Although embodiments of the present invention have been shown and described above, it is understood that the above embodiments are exemplary and should not be construed as limiting the present invention, and that variations, modifications, substitutions and alterations can be made to the above embodiments by those of ordinary skill in the art within the scope of the present invention.

Claims

1. A CAR-immune cell, wherein the NKG2A gene of the CAR-immune cell is silenced;

wherein the immune cells of the CAR-immune cells comprise at least one of NK cells, T cells, NKT cells, and γ δ T cells.

2. The CAR-immune cell of claim 1, wherein the immune cell of the CAR-immune cell is an NK cell;

optionally, the NKG2A gene is silenced by knocking out the NKG2A gene of the CAR-immune cell.

3. The CAR-immune cell of claim 2, wherein the knockout is achieved by a CRISPR/Cas9 system;

optionally, the sgRNA of the CRISPR/Cas9 system has the sequence as set forth in SEQ ID NO: at least one of the nucleotide sequences shown in 8-10;

optionally, the knockout is performed by:

introducing an expression vector carrying the sgRNA and a nucleic acid encoding the Cas9 molecule into CAR-immune cells to be modified for culture treatment;

optionally, the time of the culture treatment is 24-72 h;

optionally, the expression vector is a eukaryotic cell expression vector.
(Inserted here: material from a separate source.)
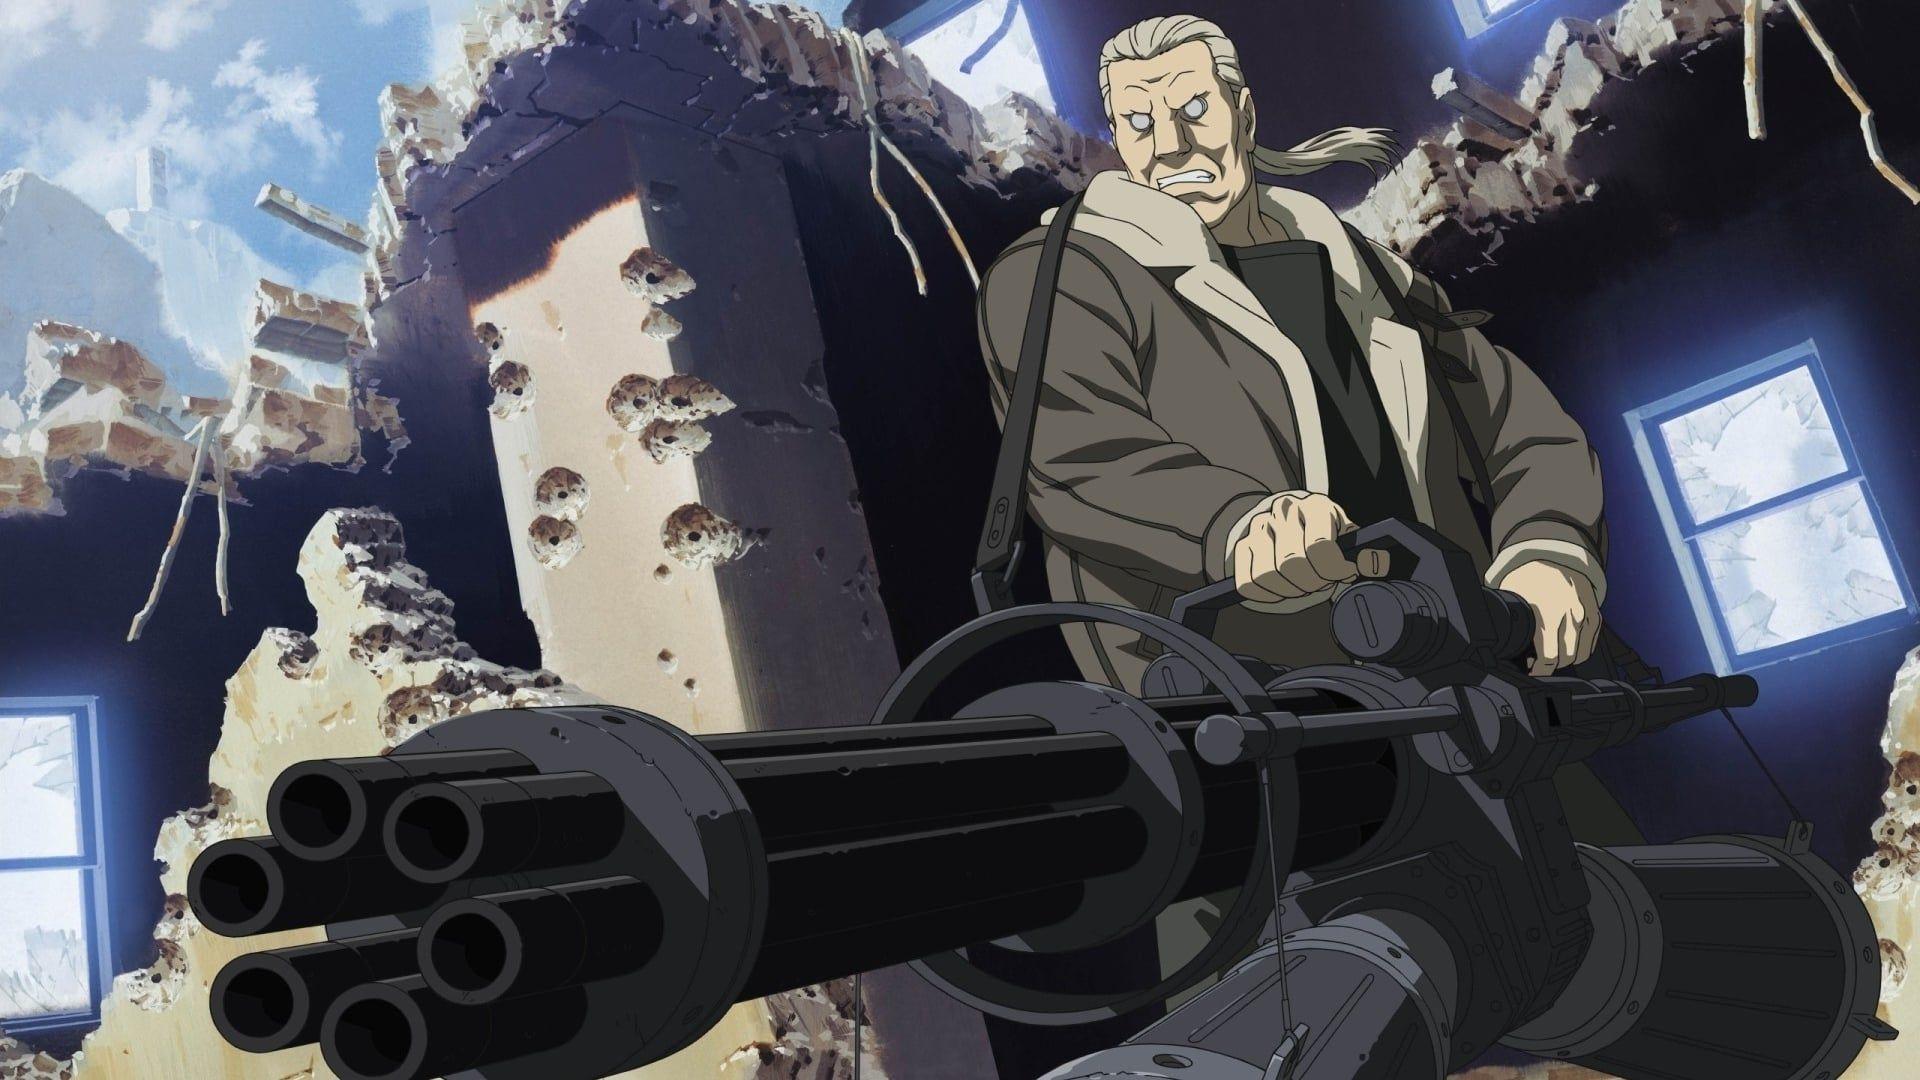 Ghost In The Shell 1995 Putlocker Film Complet Streaming Alles Speelt Zich Af In 2029 Het Ministerie Van Buitenlandse Zak Ghost In The Shell Anime Anime Ghost
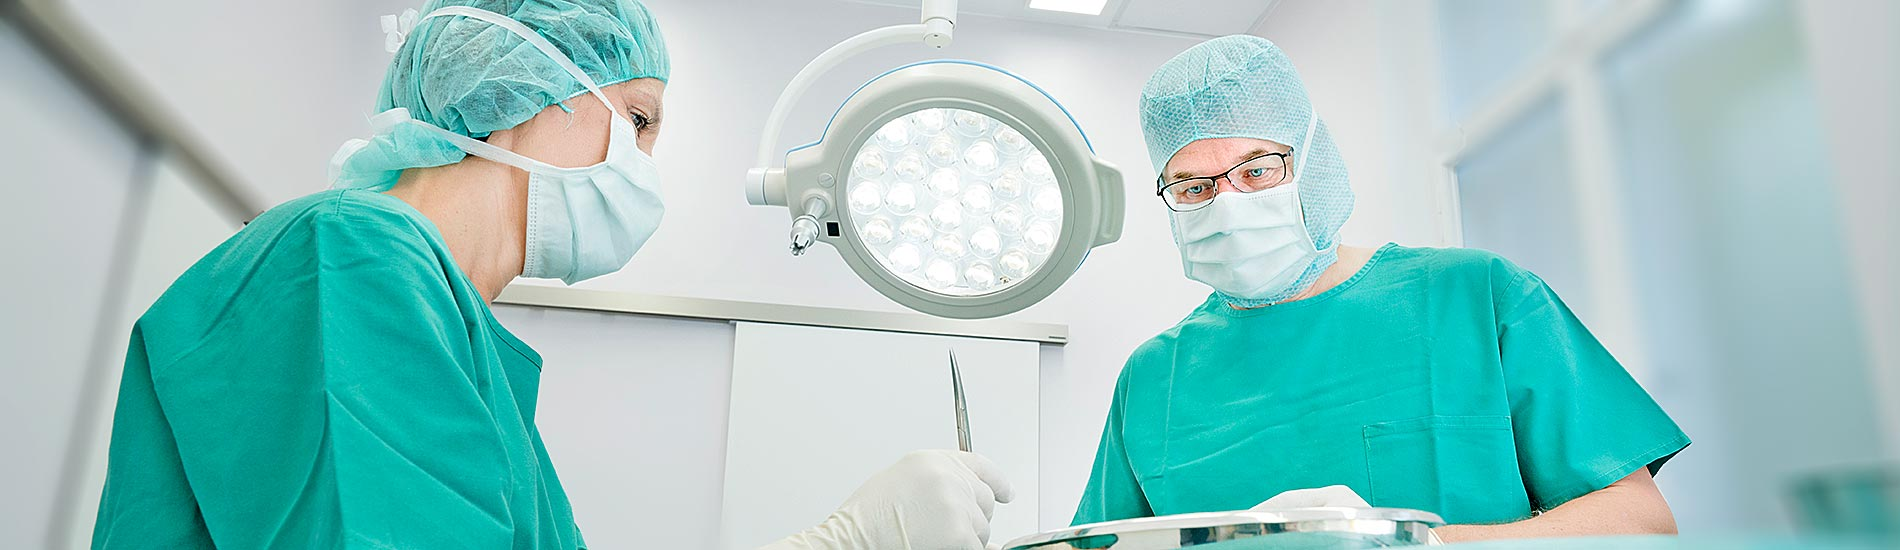 Chirurgische Praxis am Spreebogen – Dr. Jörg Müller beim Operieren

4. The CAR-immune cell of any one of claims 1 to 3, wherein the CAR of the CAR-immune cell comprises:

an extracellular region, wherein the extracellular region comprises a single-chain antibody and a hinge region, the C end of the single-chain antibody is connected with the N end of the hinge region, and the single-chain antibody specifically recognizes a tumor antigen;

a transmembrane region, wherein the N end of the transmembrane region is connected with the C end of the hinge region of the extracellular region;

an intracellular domain, wherein the N-terminus of the intracellular domain is linked to the C-terminus of the transmembrane domain;

optionally, the antigen comprises at least one selected from the group consisting of MSLN, HER2, EGFR, GPC3, MUC1, CEA, CLDN 18.2, epCAM, GD2, PSCA, CD133, CD19, CD20, CD22, CD30, CD33, BCMA;

preferably, the antigen is MSLN.

5. The CAR-immune cell of claim 4, wherein the single chain antibody has an amino acid sequence as set forth in SEQ ID NO. 11;

optionally, the hinge region is selected from the hinge region of a CD8 molecule;

optionally, the hinge region has an amino acid sequence as shown in SEQ ID NO 12.

6. The CAR-immune cell of claim 4, wherein the transmembrane region is selected from a CD8 molecular transmembrane segment;

optionally, the transmembrane region has an amino acid sequence shown as SEQ ID NO. 13.

7. The CAR-immune cell of claim 4, wherein the intracellular region comprises a costimulatory domain and an intracellular signaling domain;

optionally, the co-stimulatory domain is selected from the intracellular segment of the 41BB molecule;

optionally, the co-stimulatory domain has an amino acid sequence as shown in SEQ ID No. 14;

optionally, the intracellular signaling domain is selected from the intracellular segment of the CD3 ζ molecule;

optionally, the intracellular signaling domain has an amino acid sequence as set forth in SEQ ID NO 15.

8. A pharmaceutical composition, comprising:

the CAR-immune cell of any one of claims 1 to 7; and

optionally a pharmaceutically acceptable carrier or adjuvant.

9. Use of a CAR-immune cell according to any one of claims 1 to 7 or a pharmaceutical composition according to claim 8 in the manufacture of a medicament for eliminating or reducing immune escape mechanisms of a tumor.

10. Use of a CAR-immune cell according to any of claims 1 to 7 or a pharmaceutical composition according to claim 8 for the preparation of a medicament for the prevention and/or treatment of a tumor or cancer;

preferably, the tumor is a solid tumor or a hematological tumor.